Neuro-Modulation Analysis Based on Muscle Synergy Graph Neural Network in Human Locomotion.

The coordination of muscles in human locomotion is commonly understood as the integration of motor modules known as muscle synergies. Recent research has delved into the adaptation of muscle synergies during the acquisition of new motor skills. However, the precise interplay between modulated muscle synergies during movement according to motion requirements remains unclear. Here, we aim to elucidate the alterations in locomotor synergies across various lower-limb motion strategies and motor tasks. Our findings reveal consistent weights of muscles in muscle synergies alongside varying timing activation aligned with specific motion requirements. It shows that spatial muscle synergies remain stable across different motor tasks, but humans adjusted the timing activation of these modules (temporal muscle synergies) to meet the motor requirements. To classify temporal muscle synergies and quantify connection weights for both self-connections and connections between muscle synergies, we employed a graph neural network. Our results demonstrate that muscle synergy 4, responsible for elevating the thigh to propel forward during the swing phase, experiences pronounced enhancement with changes in motion strategies.
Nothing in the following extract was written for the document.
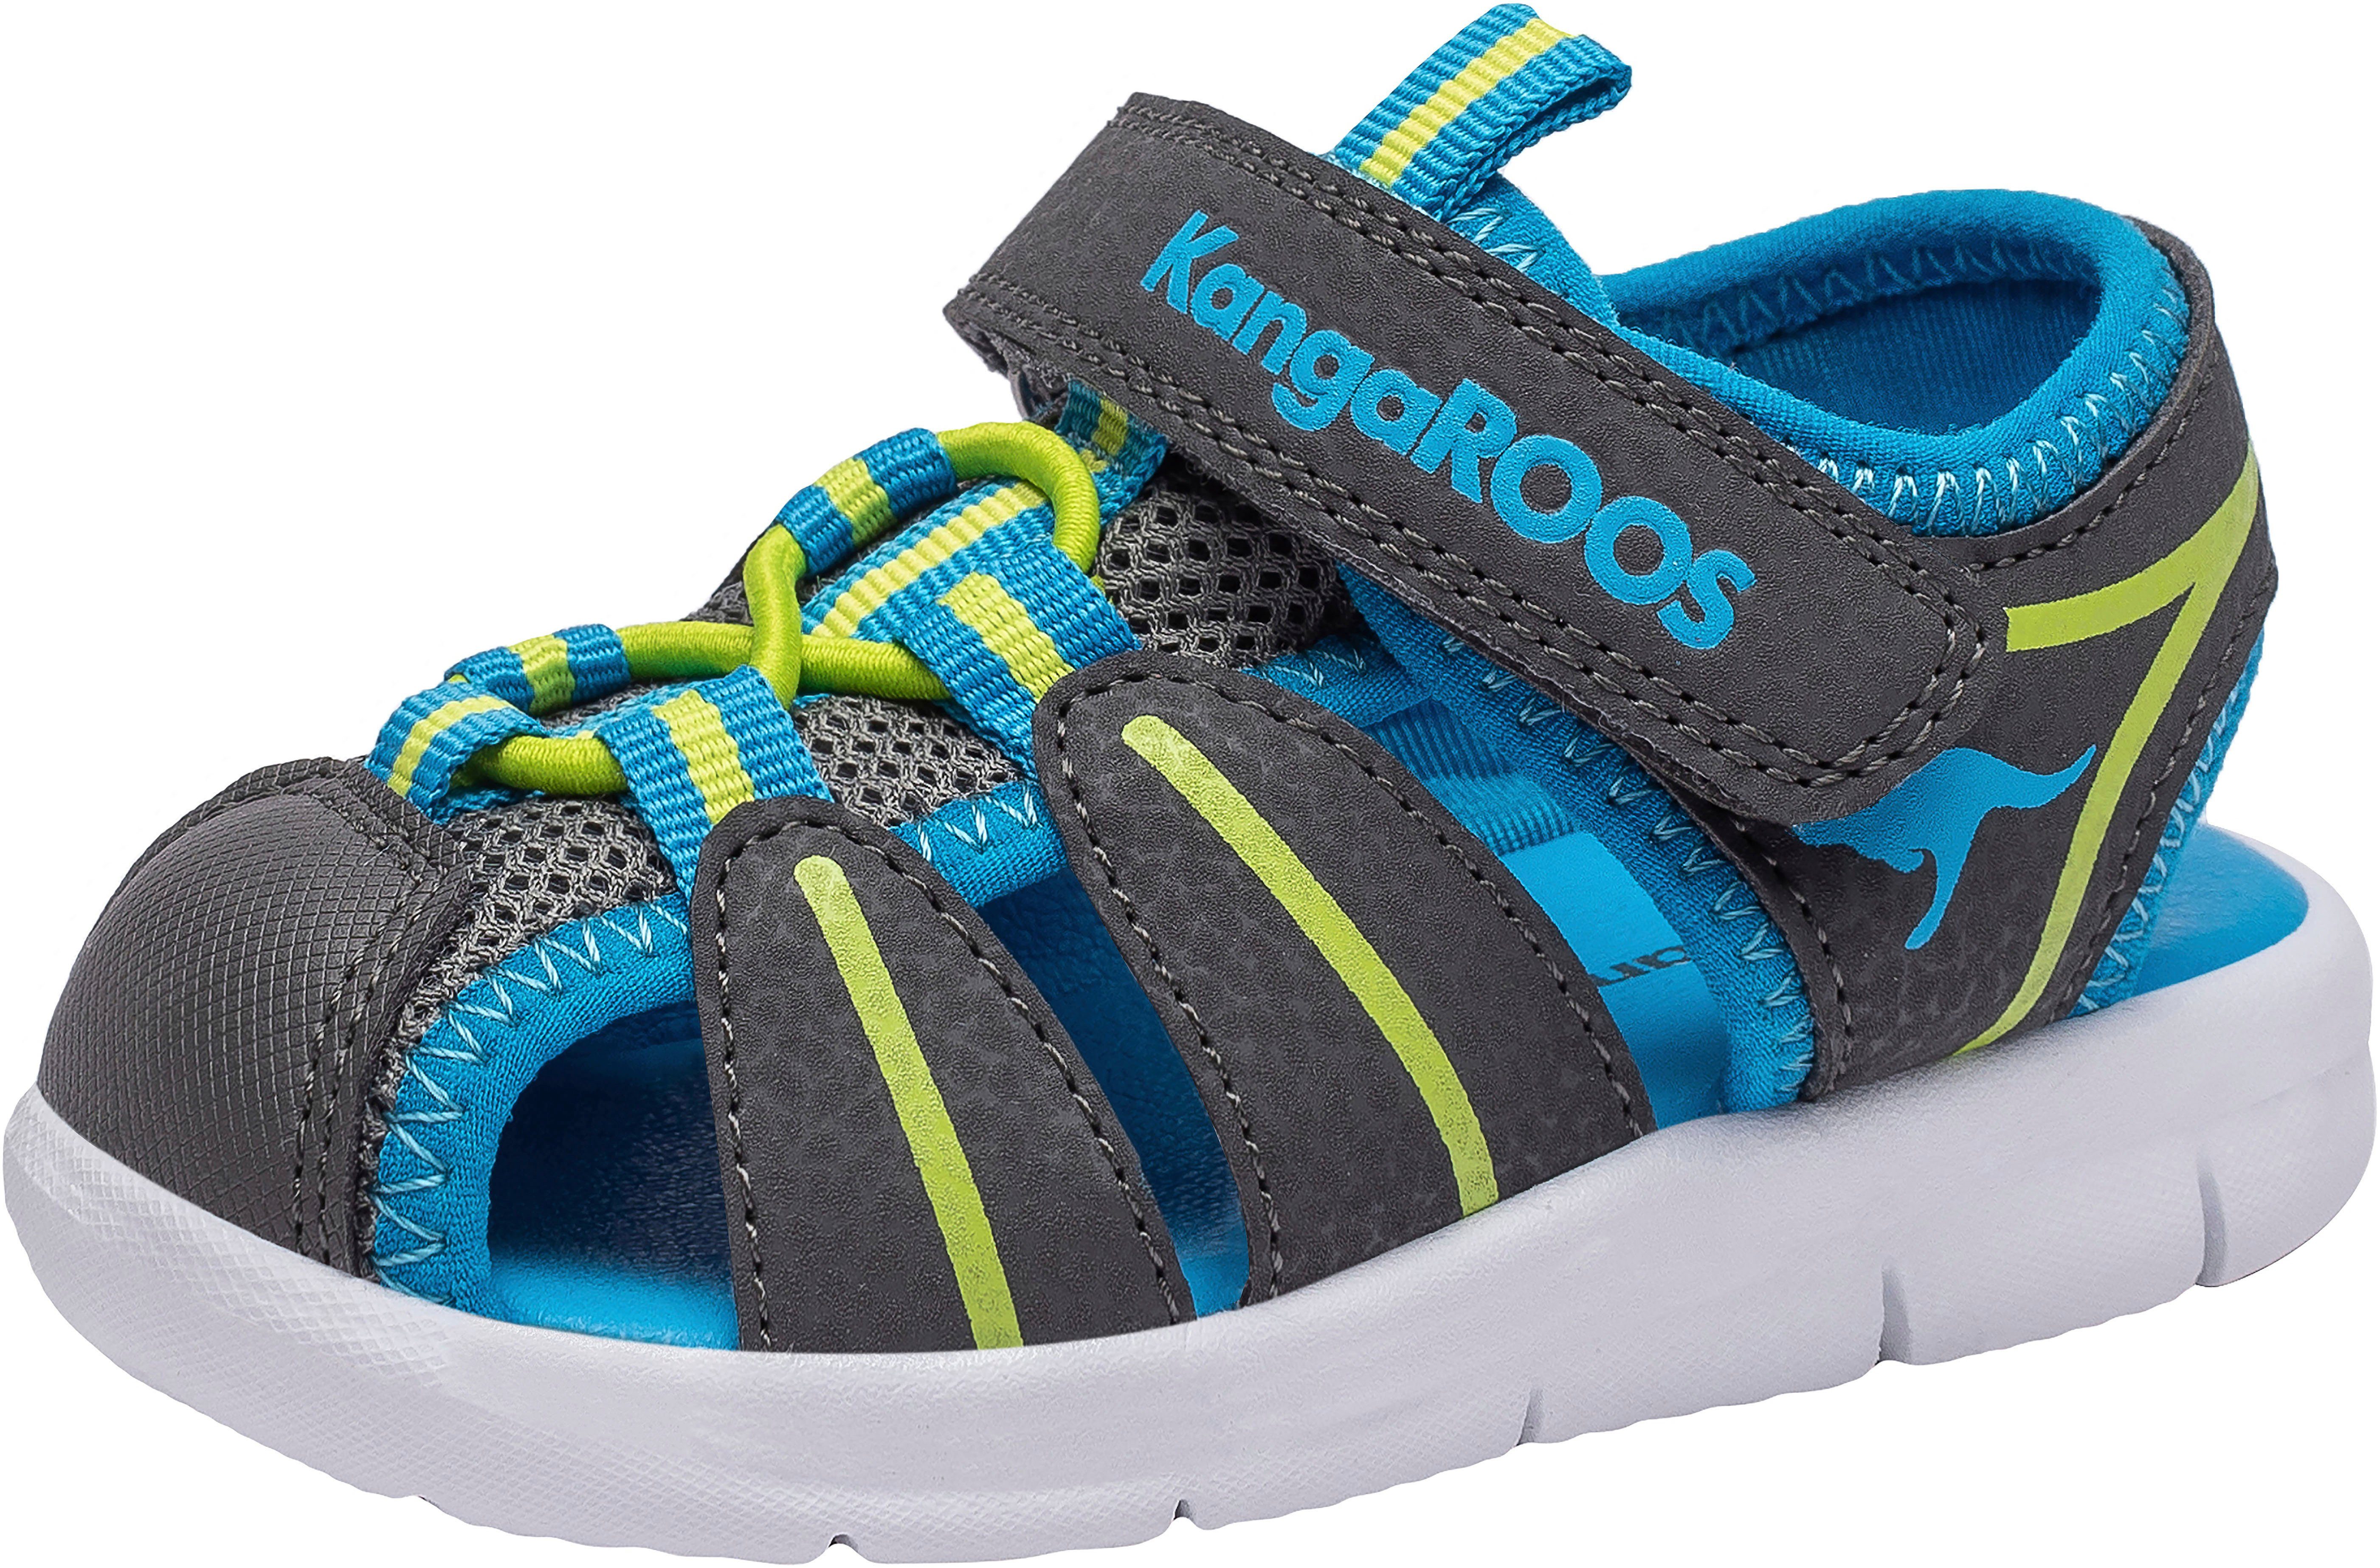 KangaROOS Sandale Klettverschluss K-Grobi mit

Furthermore, we observed a reduction in the self-connection of muscle synergy 2, implicated in stabilizing body posture, during motion tasks other than normal walking. Additionally, the connections between muscle synergy 2 and other synergies diminished, indicating more adaptation in muscle synergy 2 to achieve stabilization in more challenging motor tasks. The validity of these findings was verified through five-fold cross-validation, affirming the efficacy of our approach in elucidating neuro-modulation mechanisms in human locomotion. Our proposed methodology holds promising implications for the development of personalized training strategies, offering insights into the intricate interactions among different muscle synergies in accomplishing motor tasks.